The organizations are asking the education board to shelve plans for a new type of standardized student test slated to take effect with Common Core and to suspend the state’s grading of schools during the transition.

They also don’t want a school’s performance during the next two years to decide whether a school is eligible for a state takeover — or to determine voucher eligibility for students to use public funding to attend private schools.

Currently, schools deemed failing in the state’s grading system can be taken over, and students who otherwise would attend schools with mediocre or failing grades are able to apply for vouchers.

Common Core standards are a tougher set of grade-level benchmarks adopted by most states for what students should learn in English, reading and math.

Forty-five states have adopted the Common Core.

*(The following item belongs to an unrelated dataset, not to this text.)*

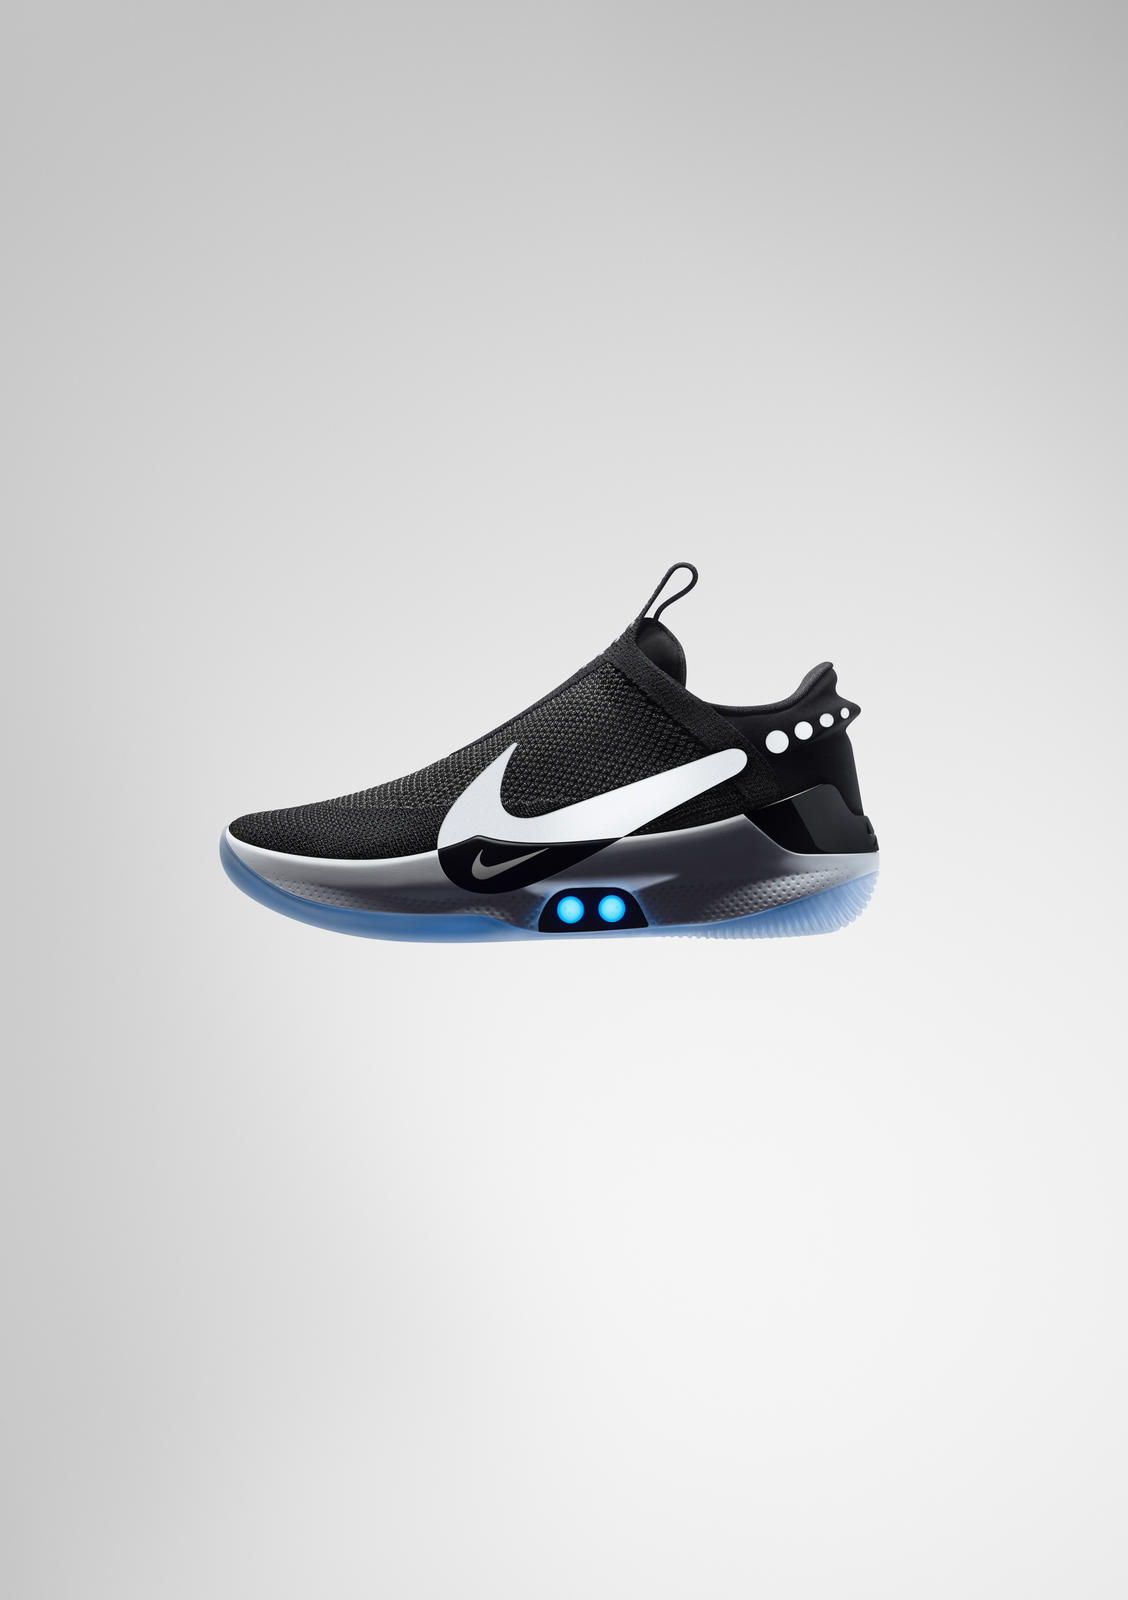 Introducing the Nike Adapt BB 
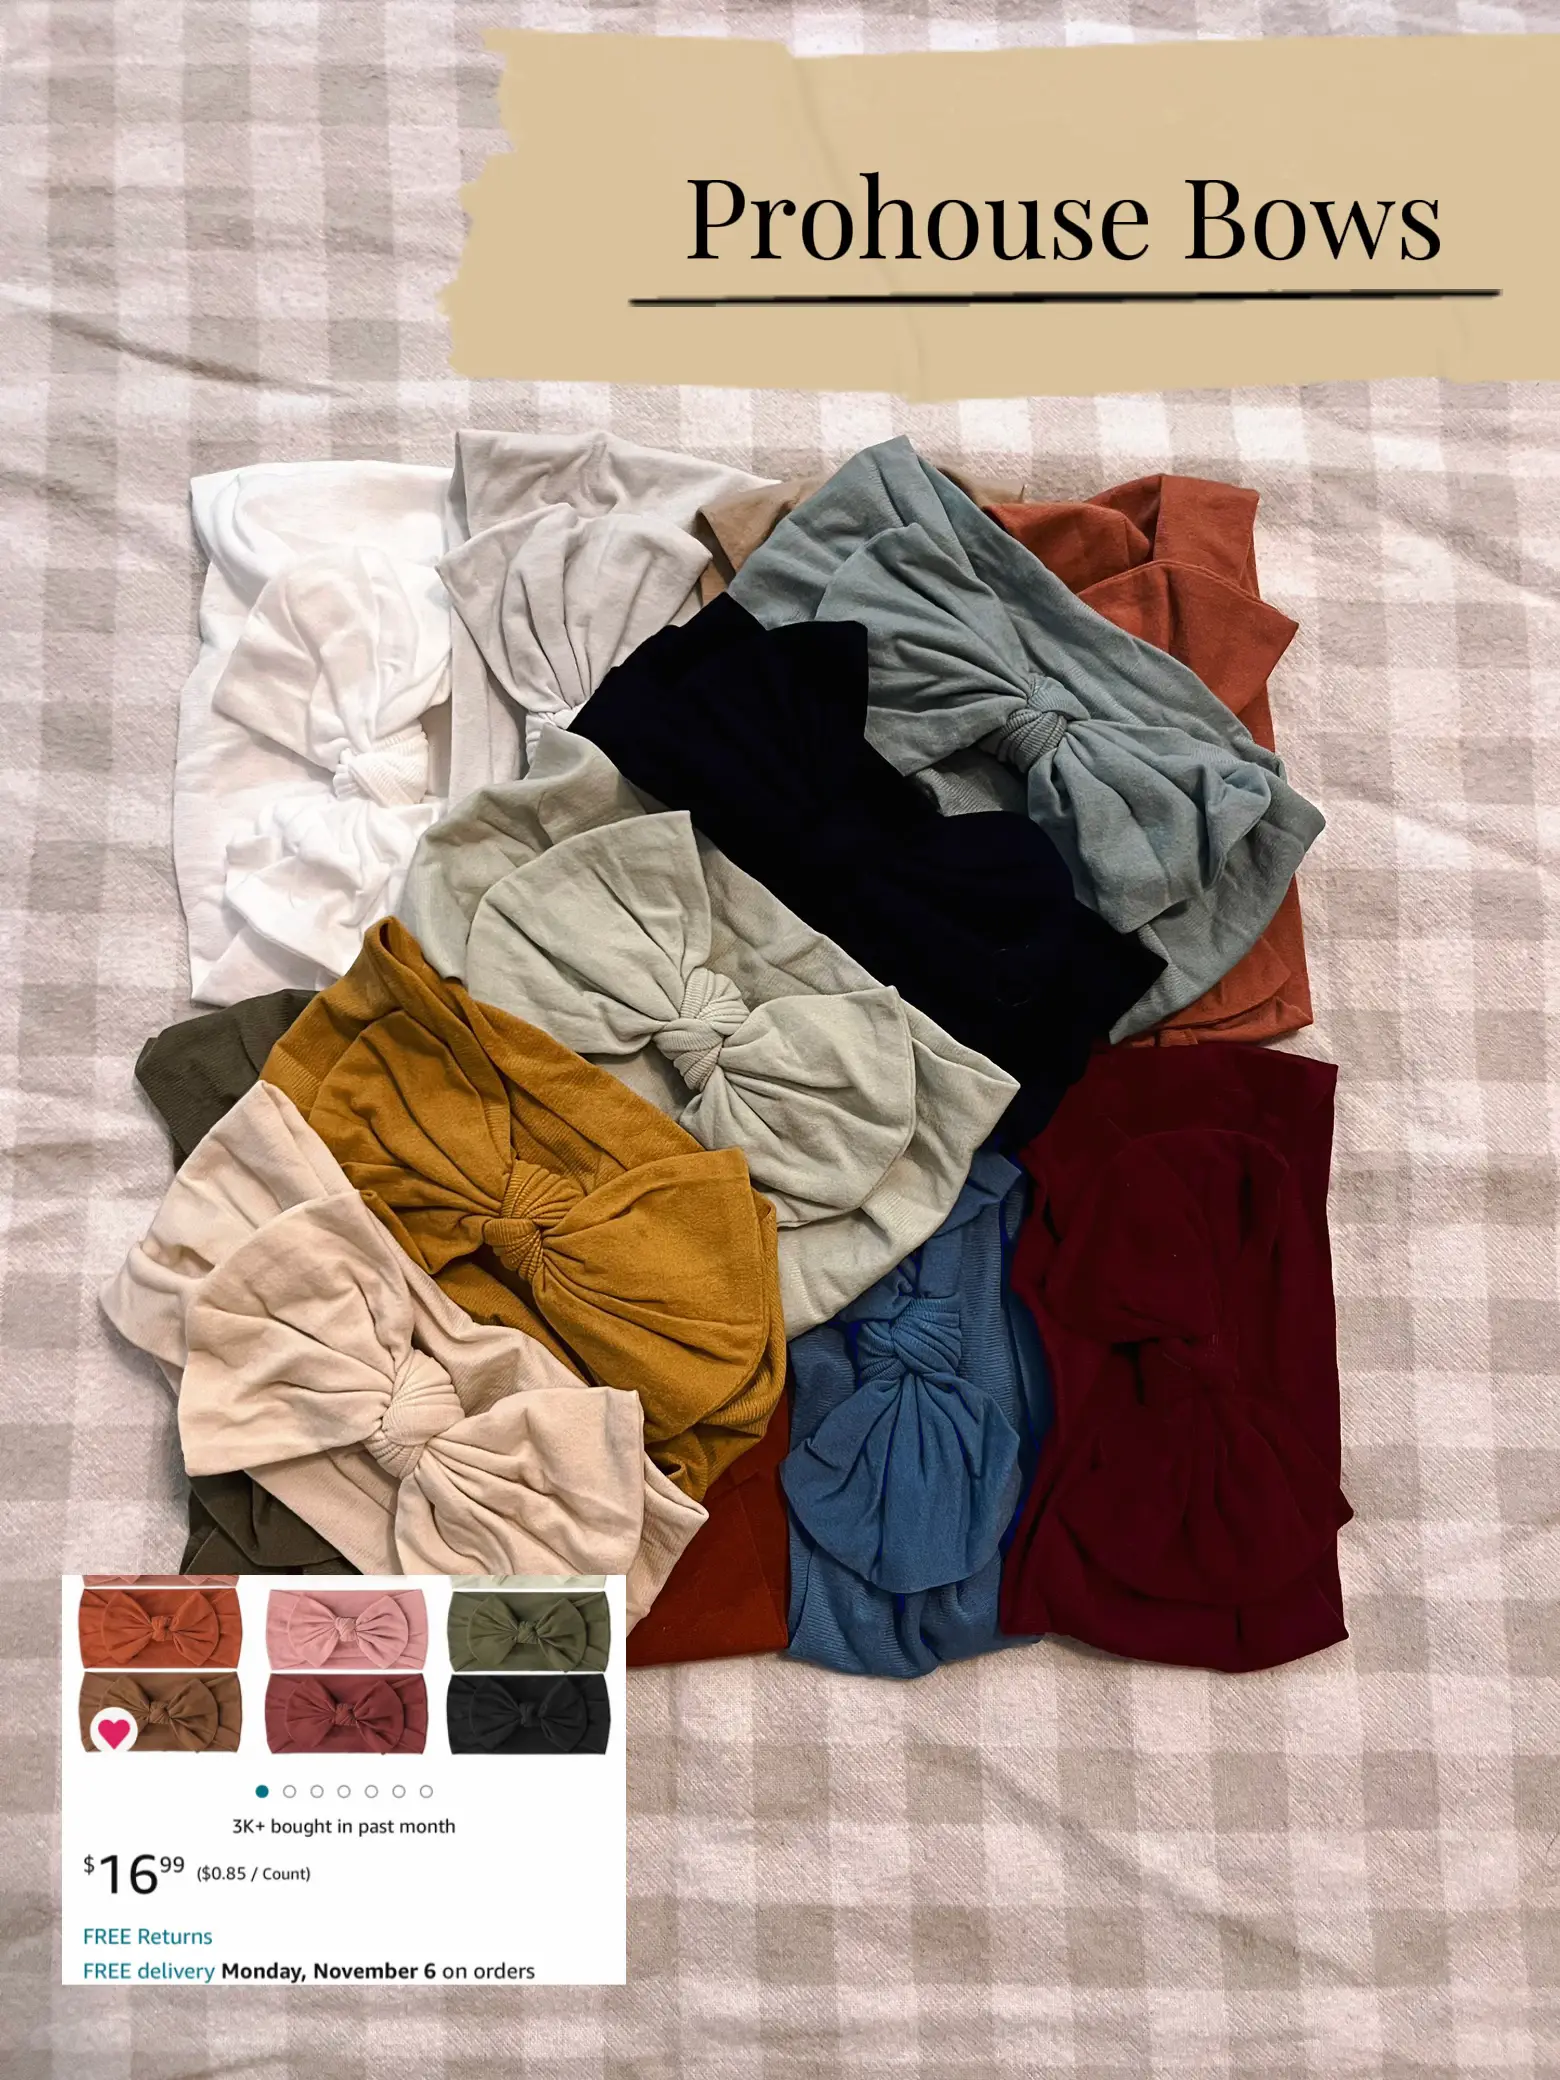  A collage of different colored shirts with a price of $16.

BESE agreed to use the standards in Louisiana three years ago, and they are being phased into public school classrooms and testing, with plans to have them fully in place by the 2014-15 year.

Critics have said the transition to the standards in Louisiana has happened with too little guidance, training and funding, and they’ve said school districts, teachers and students were going to be held accountable without enough preparation for the shift.

“The rush to implement these broad-reaching changes is one reason some school boards have publicly opposed Common Core,” Richard said.

White is suggesting to BESE that the raising of accountability standards — like grading of students, schools and teachers — to match the Common Core shouldn’t start until 2015, with a slow adjustment to toughen the school grades set to phase in through 2025.

He’s also agreed to provide curriculum guidelines to school systems, after complaints that districts were left on their own to determine what they should be teaching to meet the standards.

The school boards and superintendents organizations also want state funding to help with upgrading technology to coordinate with the use of the toughened teaching standards.””

(MGNonline)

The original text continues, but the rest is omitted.